The most fundamental truth about Christian conceptions of violence, of course, is its recognition of the bare necessity of taking violence onto oneself for the sake of others. Only then can we respond adequately to violence: in the most difficult way. Maximilian Kolbe understood this. Jesus knew it too. As did Mahatma Gandhi. be the proponents of penal substitutionary models of the atonement seem to know it: but the challenge to them is to make good on their insights, rather than simply to (try to) enshrine them in crypto-Pauline dogmas about divine wrath and - bizarrely - in foundationalist epistemic principles.

What needs to be recognised above all is that for Jesus, the overriding concern was to plug a hole in the system of violence we all inhabit. He stood in the eye of the storm and took the consequences of worldly violence onto himself. He refused to shy away from it, and refused to respond to it in kind. He refused to avenge it. He tried instead to overcome it - by serving as a revolutionary exponent of a different kind of 'violence'. This violence would be restorative and constructive. It would be concerned with building up and seeking out, not breaking down and hiding away.

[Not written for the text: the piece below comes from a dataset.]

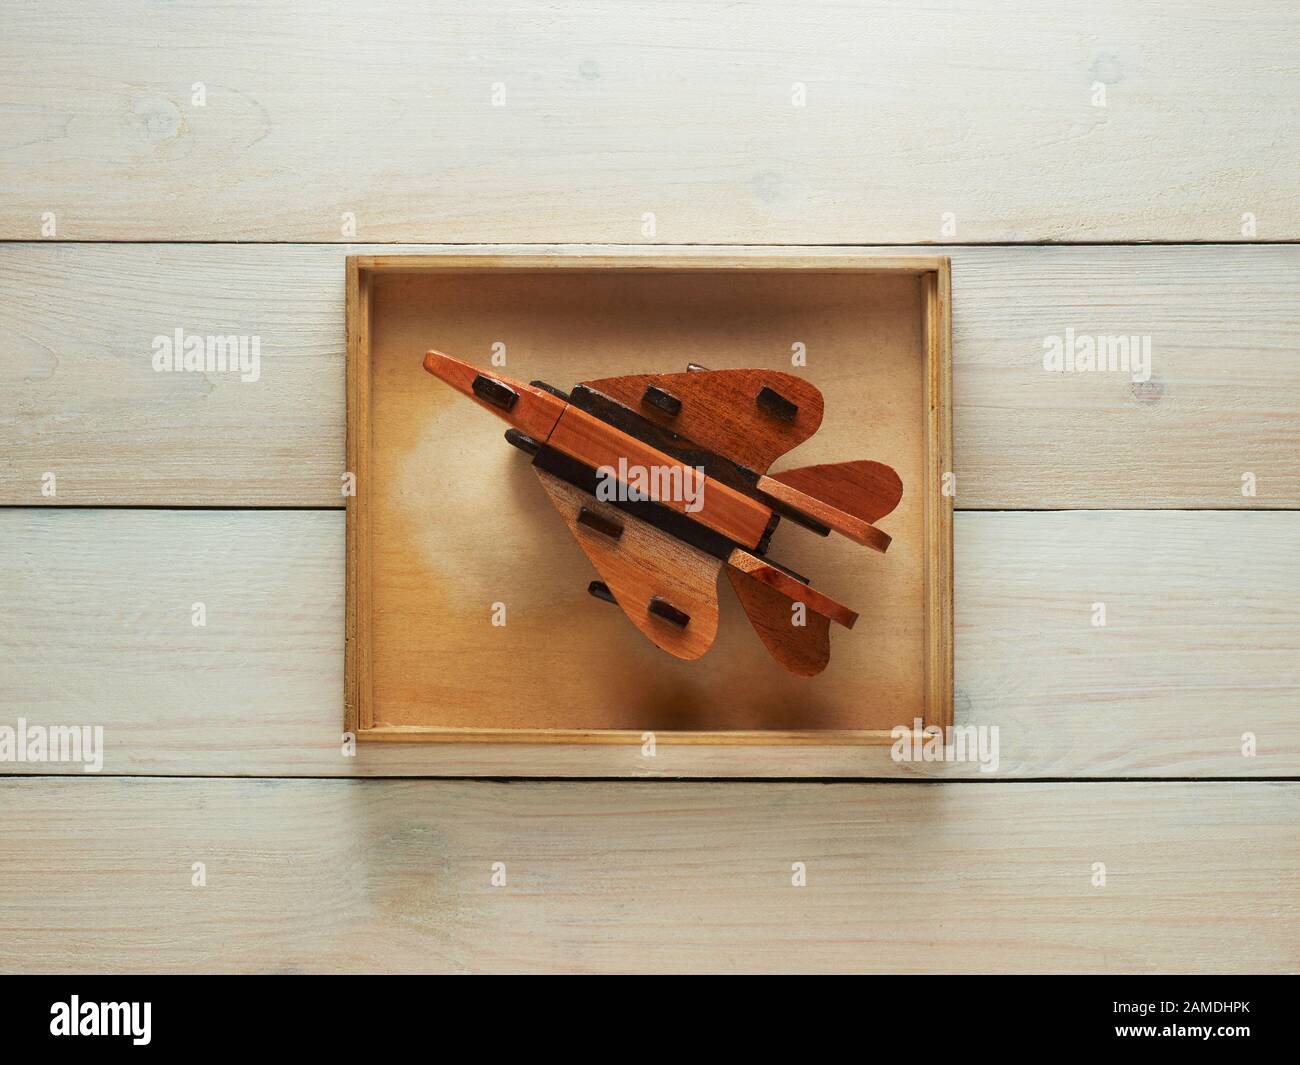 Wooden toy jet plane in a wooden box with a wooden background Stock Photo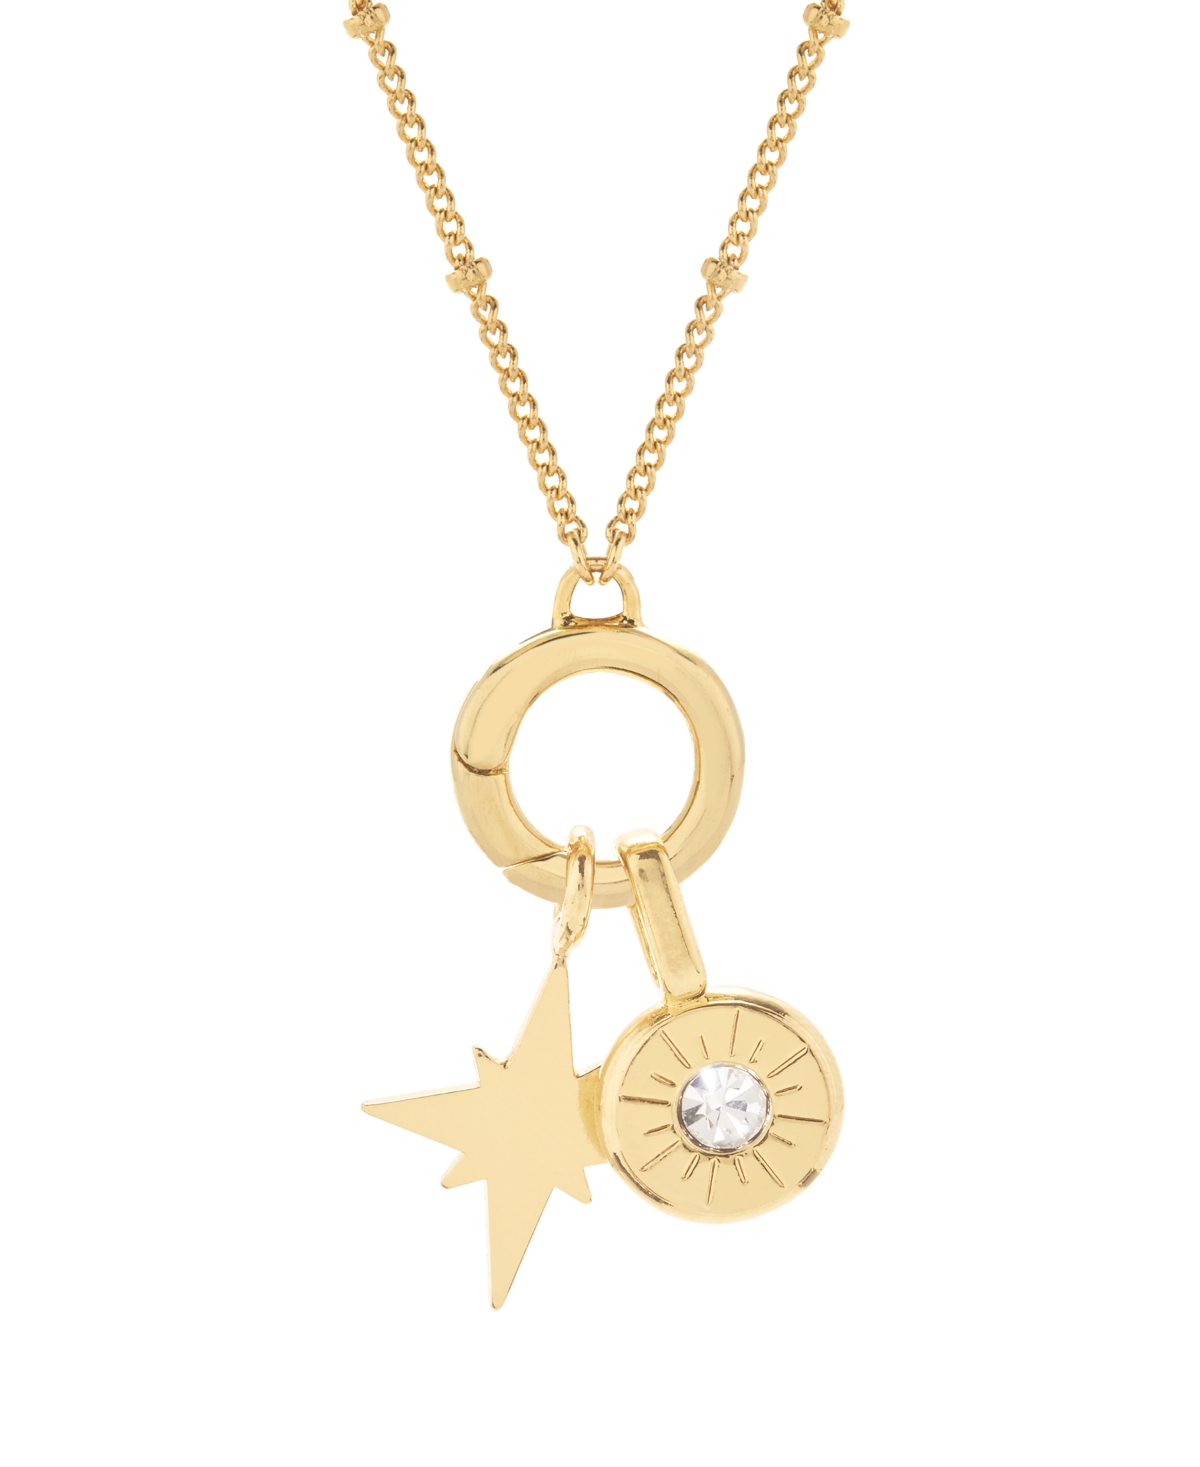 Brook & York Crystal 14k Gold-plated Emily Charm And Necklace Set

The tragedy is that only Jesus and a few other humans have ever shown themselves capable of such acts of constructive, restorative violence. The decision truly to suffer in place of others, for their sake and out of the desire to address the destructive violence the world wreaks on them, is a rare decision indeed. But it is the hallmark of true, full love to engage in constructive violence. Constructive violence in self sacrifice for others is the Christian calling. And its perpetrator is the holy spirit, whose divine fruit is forgiveness and the power truly to forgive. For those of us who have only a tiny taste of the fruit of this spirit - for those of us, that is, who can't think to give of ourselves enough to taste more - we can be comforted in our measure by the saving knowledge that our Lord knows and pities our weakness and has worked and is working - both in himself and in us - to address it.